#### WHAT IS EXPECTED
Please go line by line and repeat the data below exactly, with no images.

#### INPUT DATA
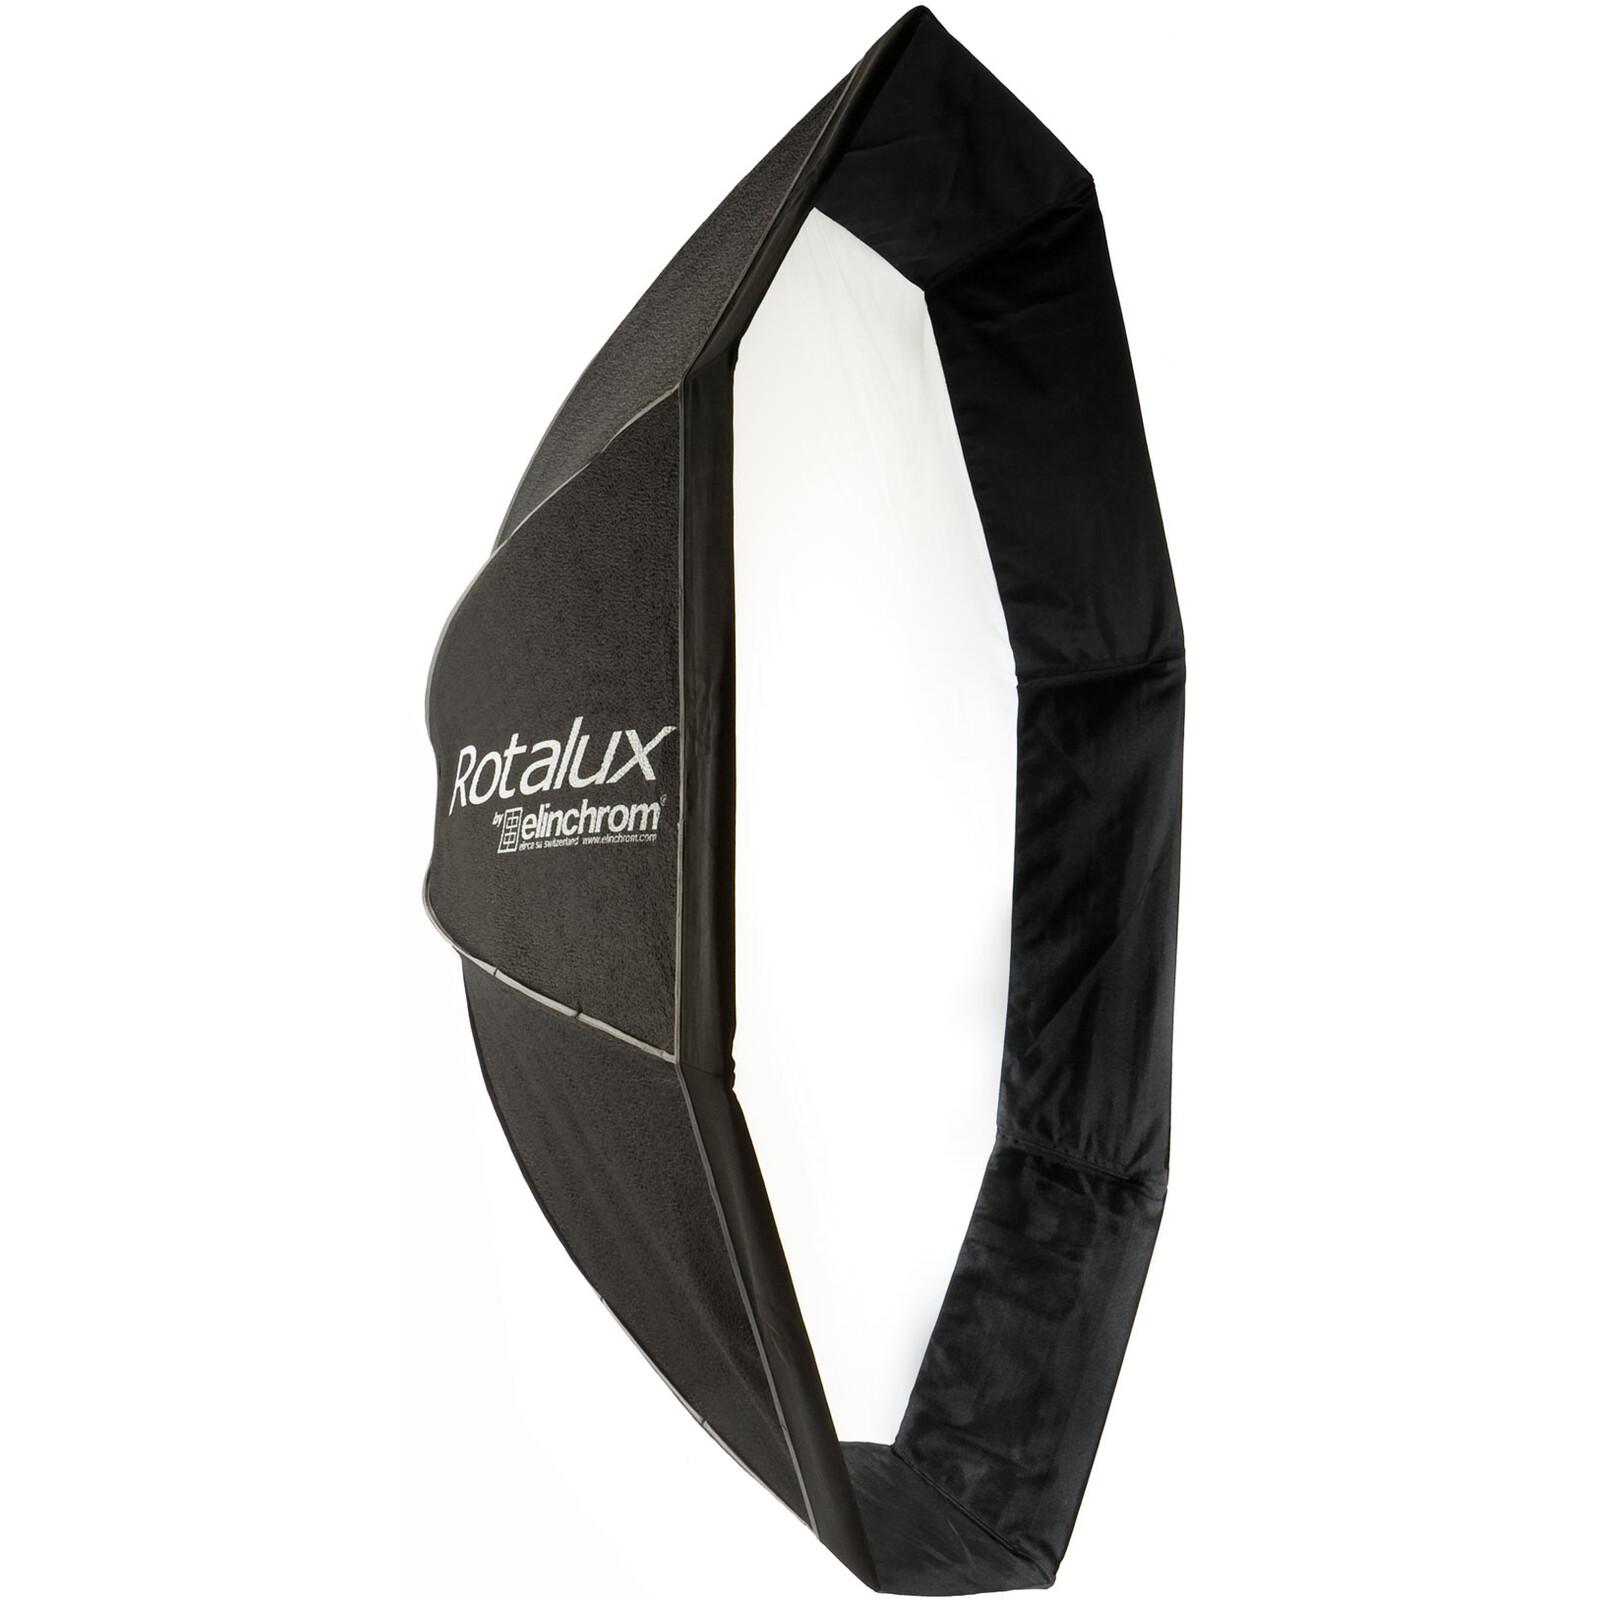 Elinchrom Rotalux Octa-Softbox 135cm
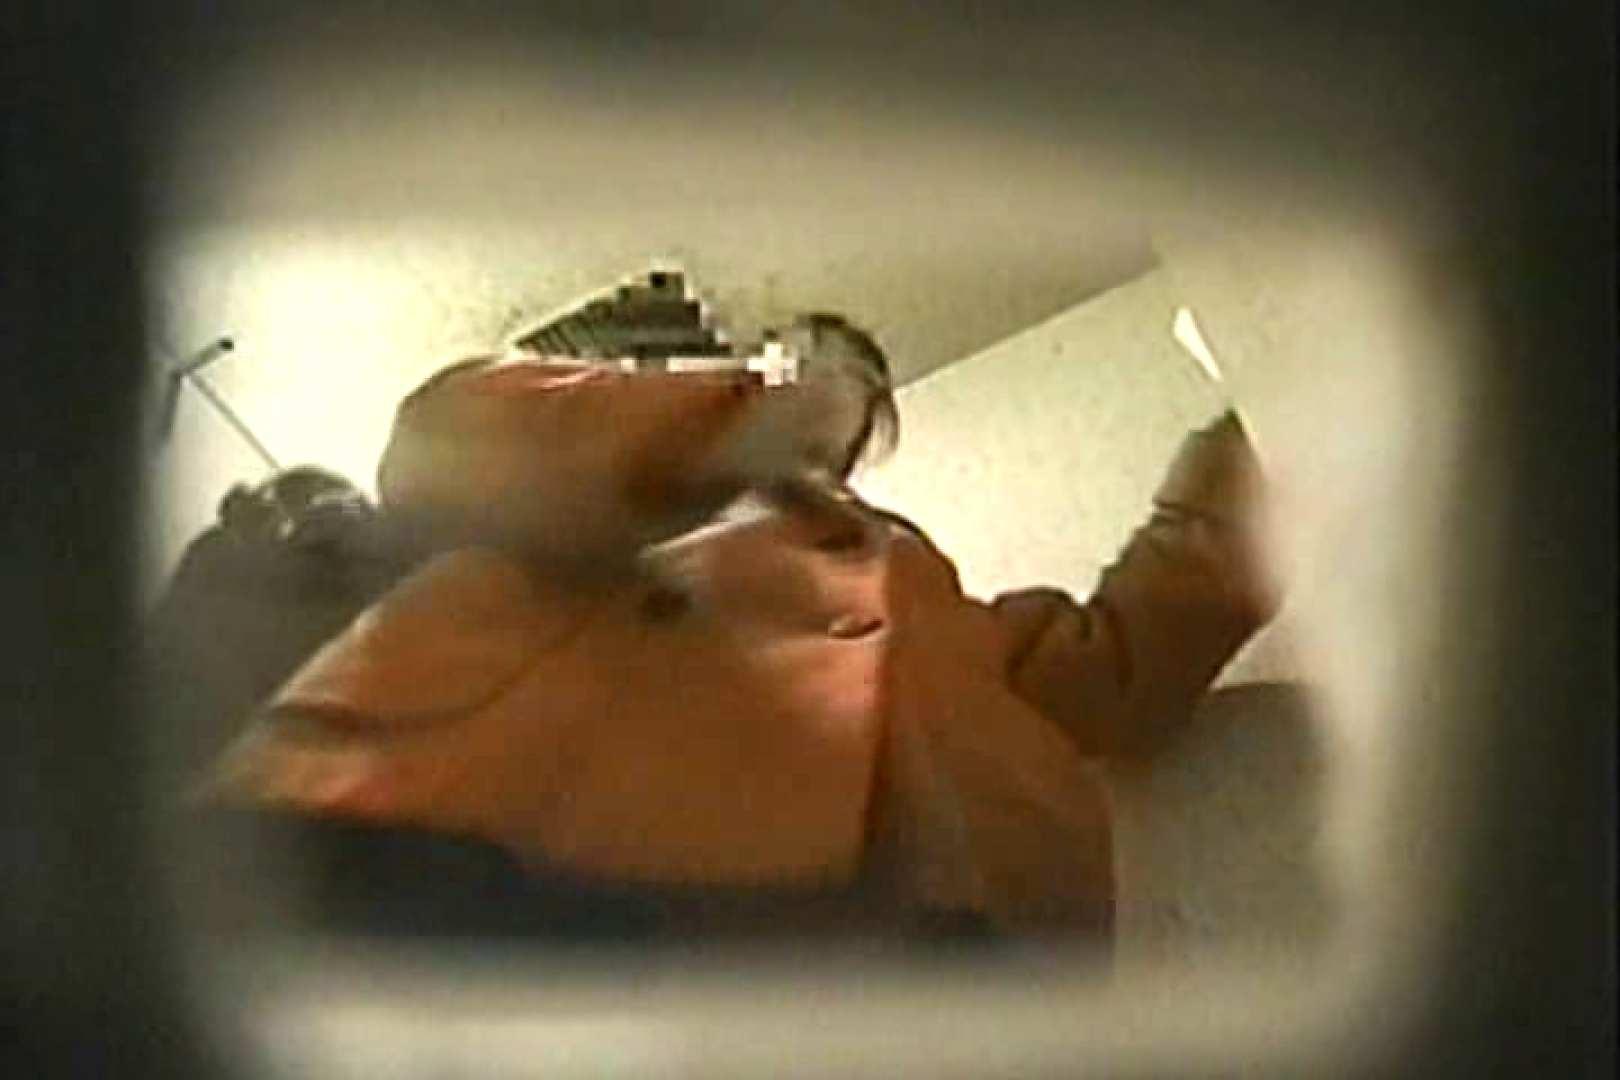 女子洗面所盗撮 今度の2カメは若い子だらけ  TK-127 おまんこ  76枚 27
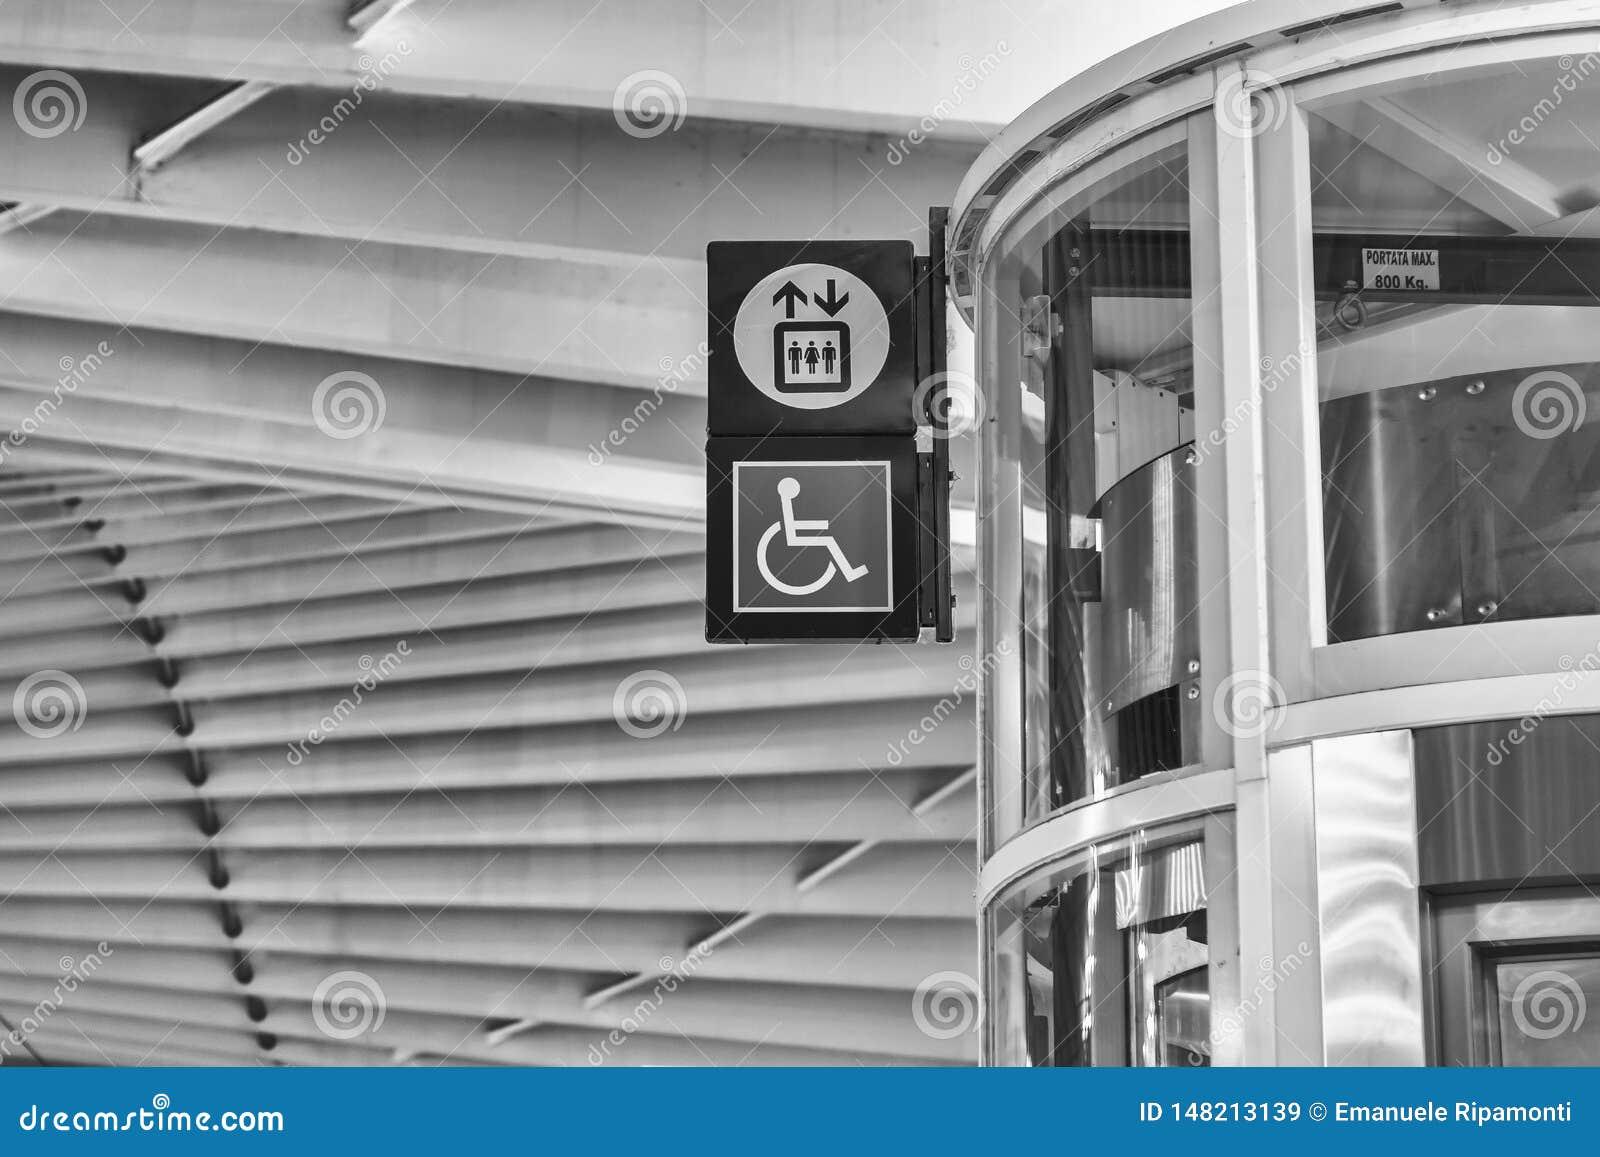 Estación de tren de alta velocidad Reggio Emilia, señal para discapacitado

#### EXERCISE RESULT
 Elinchrom Rotalux Octa-Softbox 135cm
 女子洗面所盗撮 今度の2カメは若い子だらけ  TK-127 おまんこ  76枚 27
 Estación de tren de alta velocidad Reggio Emilia, señal para discapacitado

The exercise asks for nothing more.